Researchers at Stony Brook University and Salesforce AI Research reveal why professional writers often feel disappointed with Large Language Models, proposing a manually polished model that can aid in aligning a Machine’s Language to our own.
Stony Brook, NY, Apr 16, 2025 — The rise of large language models (LLMs) has heralded a new era in artificial intelligence writing assistants, revolutionizing how we write, communicate, and express ideas. From assisting in scientific research and crafting persuasive arguments to sparking creativity in literary works, LLMs have shown great promise. Yet, despite their potential, key differences between LLM-generated and human-written text persist, raising questions about their effectiveness in producing high-quality, human-like writing.
Recent research has illuminated these challenges, revealing that while LLMs such as GPT, Claude, and Llama excel at generating text, they often fall short in certain creative and nuanced writing domains. A comprehensive study led by Assistant Professor Tuhin Chakrabarty, Department of Computer Science at Stony Brook, and aided by professional writers, provides insight into these shortcomings, offering a roadmap for improving the alignment between machine-generated content and human writing. The paper was nominated for Best Paper and Honorable Mention Awards at CHI 2025.
Tuhin Chakrabarty
Tuhin said, “One significant issue we noticed is that LLM-generated text often suffers from a lack of originality and variety.” The widespread use of LLMs in writing tasks contributes to what is referred to as "algorithmic monoculture," where content becomes overly homogenized. This is why writing with LLMs tends to result in repetitive, clichéd expressions and a lack of rhetorical depth. The texts often fail to demonstrate the complex, layered narrative techniques that characterize human creativity, frequently resorting to “telling” instead of “showing.”
To address these concerns, the researchers set out to better understand the specific idiosyncrasies of LLM-generated writing. They recruited 18 professional writers to edit LLM-generated text using a comprehensive taxonomy of edit categories, developed based on expert writing practices. This taxonomy categorizes undesirable traits found in LLM-generated content, such as clichés, redundant phrases, and poor structural choices.

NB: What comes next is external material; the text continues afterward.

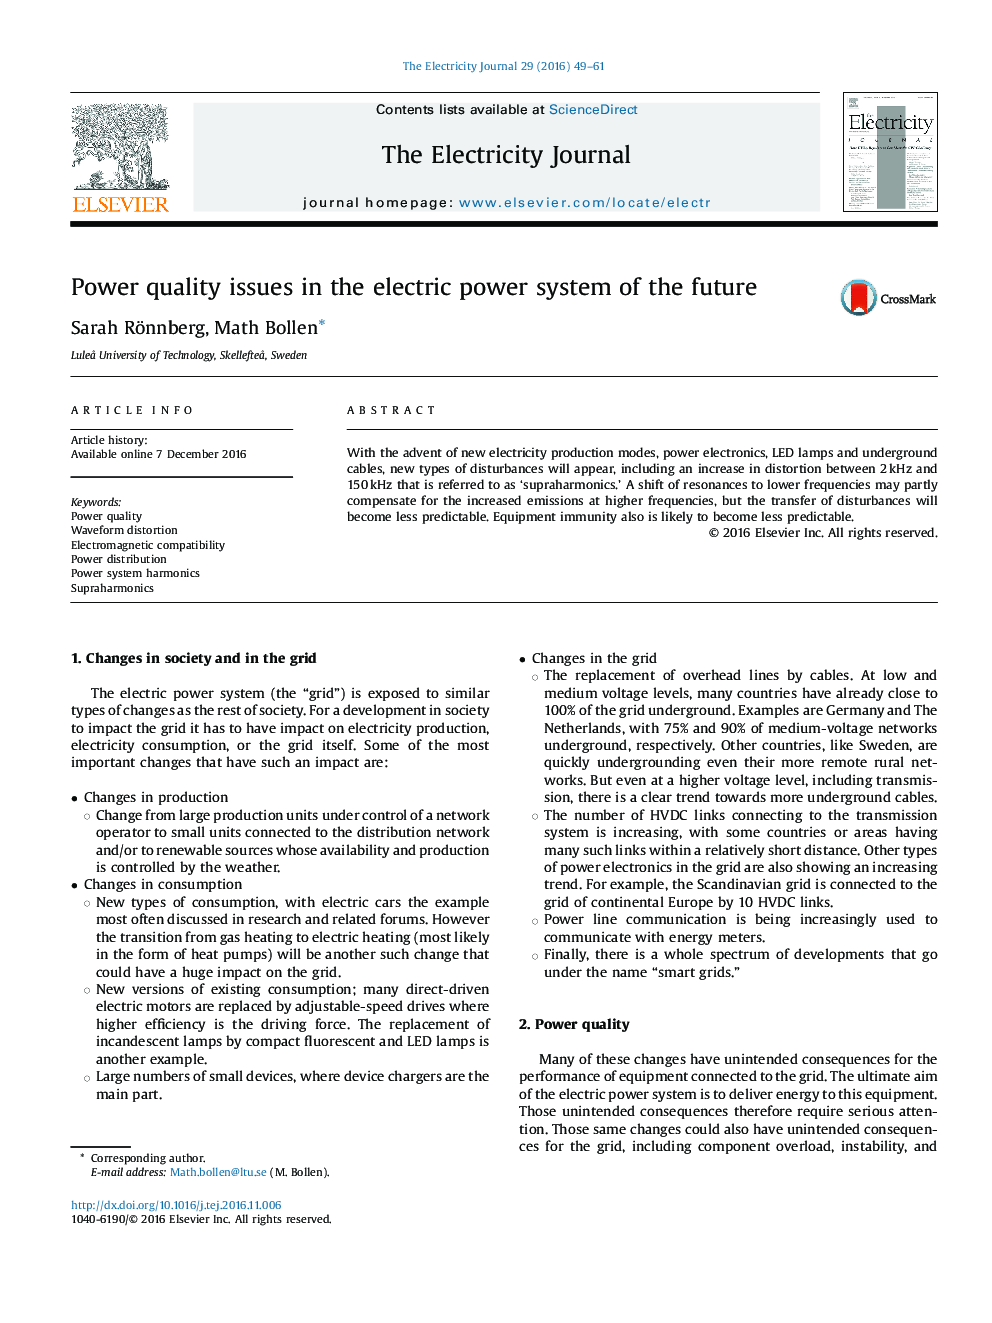 مسائل مربوط به کیفیت برق در سیستم برق آینده

Focusing on literary fiction and creative non-fiction, this team of professional writers aimed to tackle genres that challenge LLMs with their emotional nuance and sophisticated language use. By concentrating on paragraph-level edits, the researchers were able to strike a balance between granularity and scope, reducing annotator fatigue and allowing for more cohesive improvements.
From this research, the team compiled the LAMP (Language Model Authored, Manually Polished) corpus, which contains 1,057 LLM-generated paragraphs, edited by professional writers according to the proposed taxonomy. These edited texts — totaling 8,035 fine-grained edits — offer valuable insights into the kinds of adjustments needed to improve machine-generated writing.
An analysis of the LAMP corpus showed that the three LLMs studied (GPT-4, Claude 3.5 Sonnet, and Llama 3.1 70b) did not outperform each other in terms of writing quality. In fact, the team found consistent weaknesses across all models, including the overuse of certain structures, lack of stylistic diversity, and failure to convey subtle narrative nuances.
Building on previous research, the study explored methods for improving the alignment between LLM- and human-written text. One promising approach is using "edit-based alignment," where LLM-generated responses are paired with edited versions, highlighting areas for improvement. By teaching LLMs to detect and rewrite their own idiosyncrasies, these edits can reduce undesirable traits and better align with human writing standards.
“Our research provides a roadmap for improving LLM-generated writing by identifying consistent weaknesses and offering practical solutions for better alignment with human writing preferences,” Tuhin said. “It underscores the importance of human-AI collaboration, where experts guide the overall structure and flow of a piece, while AI handles lower-level writing details.”
As LLM-based writing tools become increasingly integrated into our daily lives, it is crucial to ensure that they enhance human creativity rather than diminish it. While these models have made significant strides, they still face challenges in producing text that reflects the richness and diversity of human expression.
With continued research and development, LLM-based writing assistants may one day be able to seamlessly collaborate with human writers, improving both productivity and the overall quality of written content.